KESELAMATAN DAN KESEHATAN KERJA (K3) KHUSUS BEKERJA DI KETINGGIAN

Di Indonesia Rope Access sudah dirintis sejak tahun 2005 dan di tahun 2007 sudah menjadi bagian
dari K3 khusus bekerja di ketinggian dan ini diakui oleh Departemen Ketenagakerjaan. Pada tanggal 10
Maret 2016 yang lalu Menteri Tenaga Kerja mengesahkan Permenaker Nomor 9 Tahun 2016 tentang K3
bekerja di ketinggian. dan mencabut Keputusan Dirjen Pembinaan Pengawasan Ketenagakerjaan No.

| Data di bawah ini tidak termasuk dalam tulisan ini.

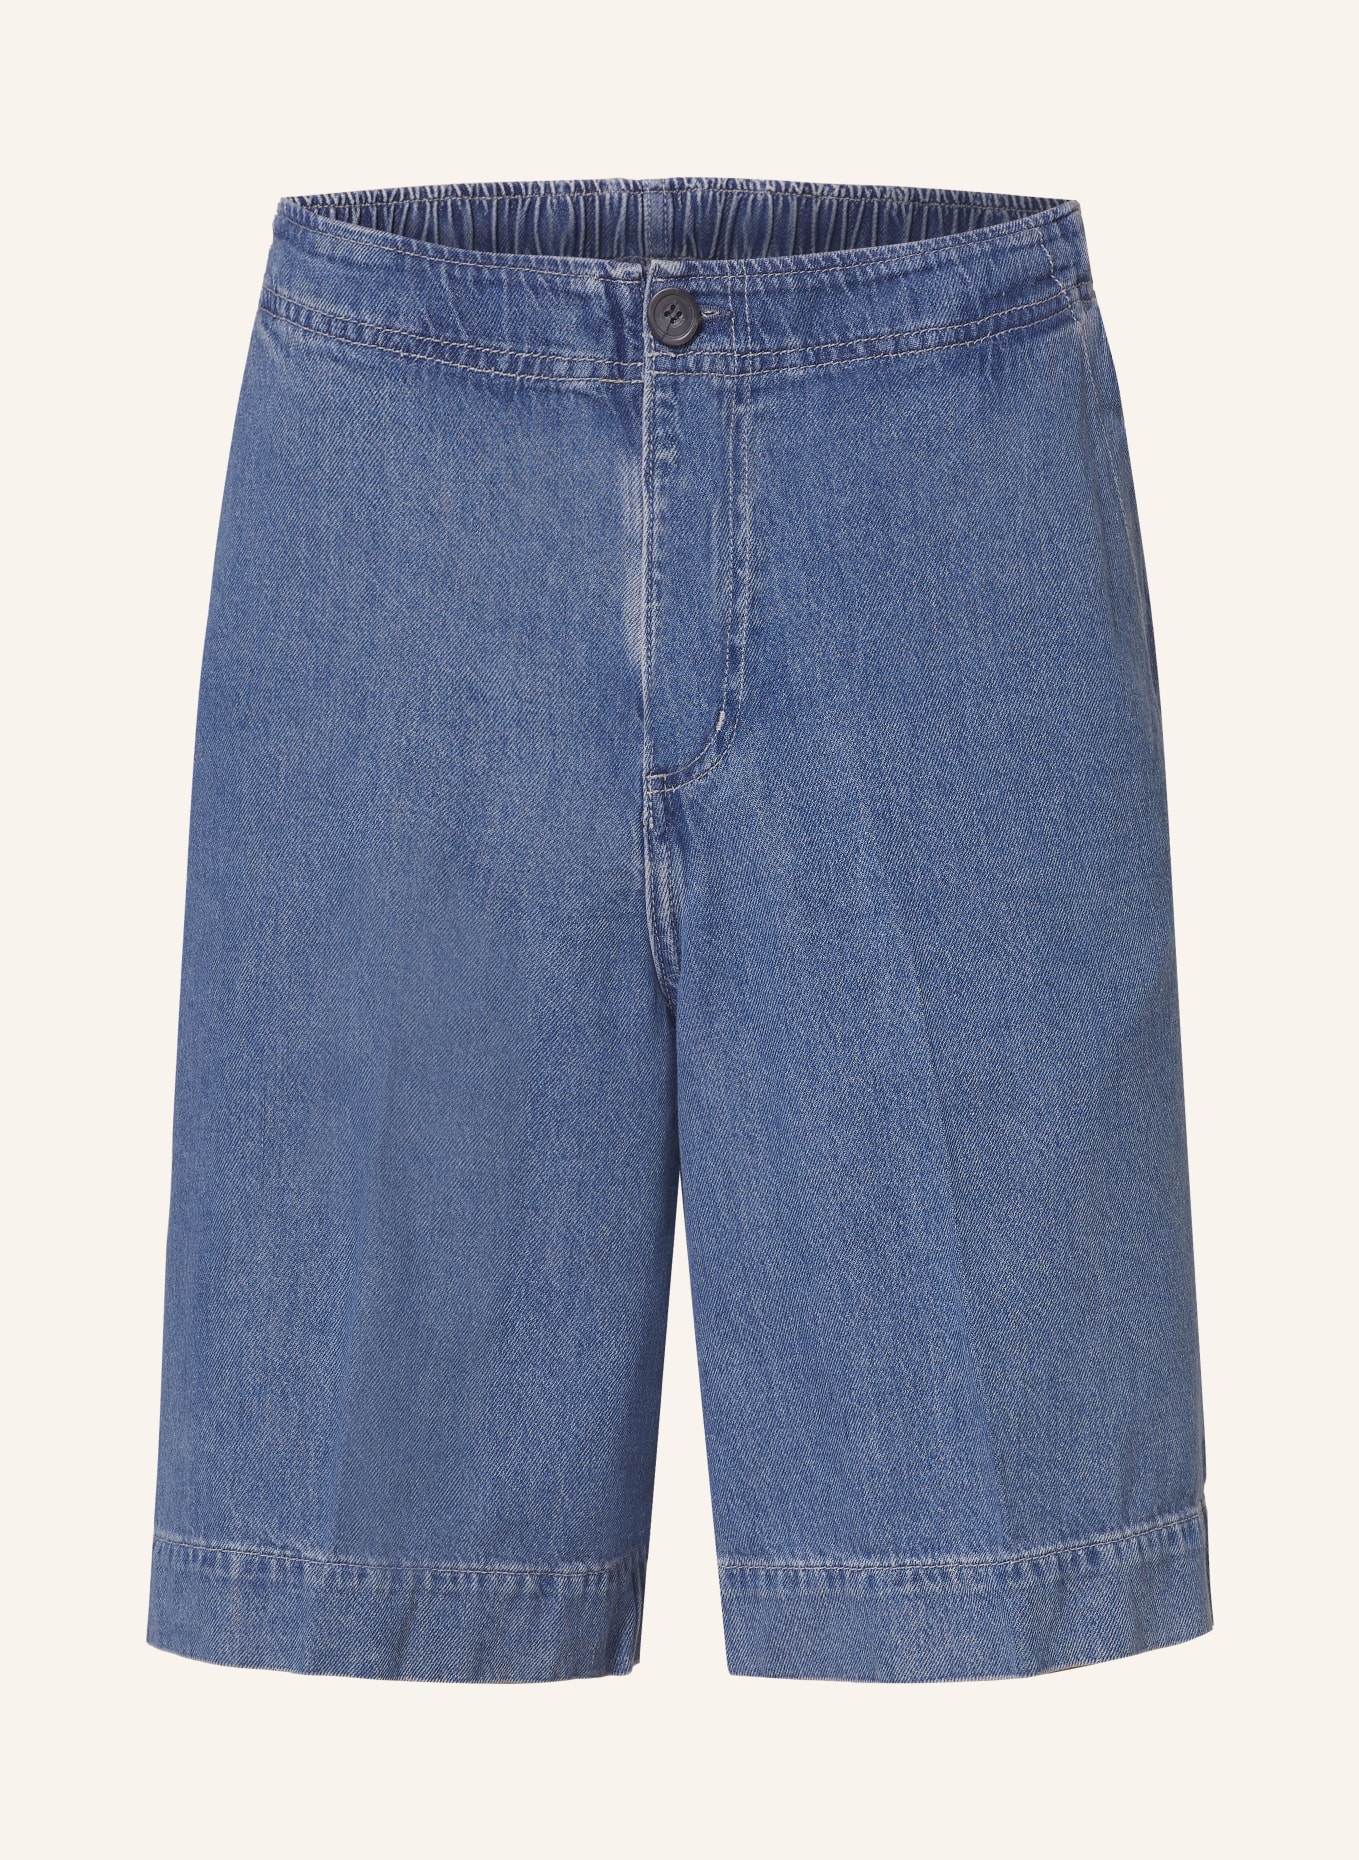 COS Denim shorts, Color: 001 BLUE (Image 1)

KEP.45/DJPPK/IX/2008 tentang “Pedoman Keselamatan dan Kesehatan Kerja (K3)” bekerja pada
ketinggian dengan menggunakan akses tali (Rope Access). Permenaker Nomor 9 tahun 2016 diterbitkan
untuk melaksanakan Pasal 2 ayat (2) huruf i dan pasal 3 ayat (1) huruf a Undang-Undang Nomor 1 Tahun
1970tentang Keselamatan Kerja.

Ada hal menarik pada Permenaker Nomor 9 Tahun 2016 ini yaitu tentang difinisi "Ketinggian" kalau
selama ini di difinisikan bekerja dengan tinggi minimum 1.5 meter, 1.8 meter ataupun 2 meter. Maka
menurut Permenaker Nomor 9 Tahun 2016 batas ketinggian itu tidak ada, adanya perbedaan ketinggian
yaitu yang memiliki potensi jatuh baik diatas permukaan tanah ataupun air yang menyebabkan tenaga
kerja mengalami cedera bahkan kematian.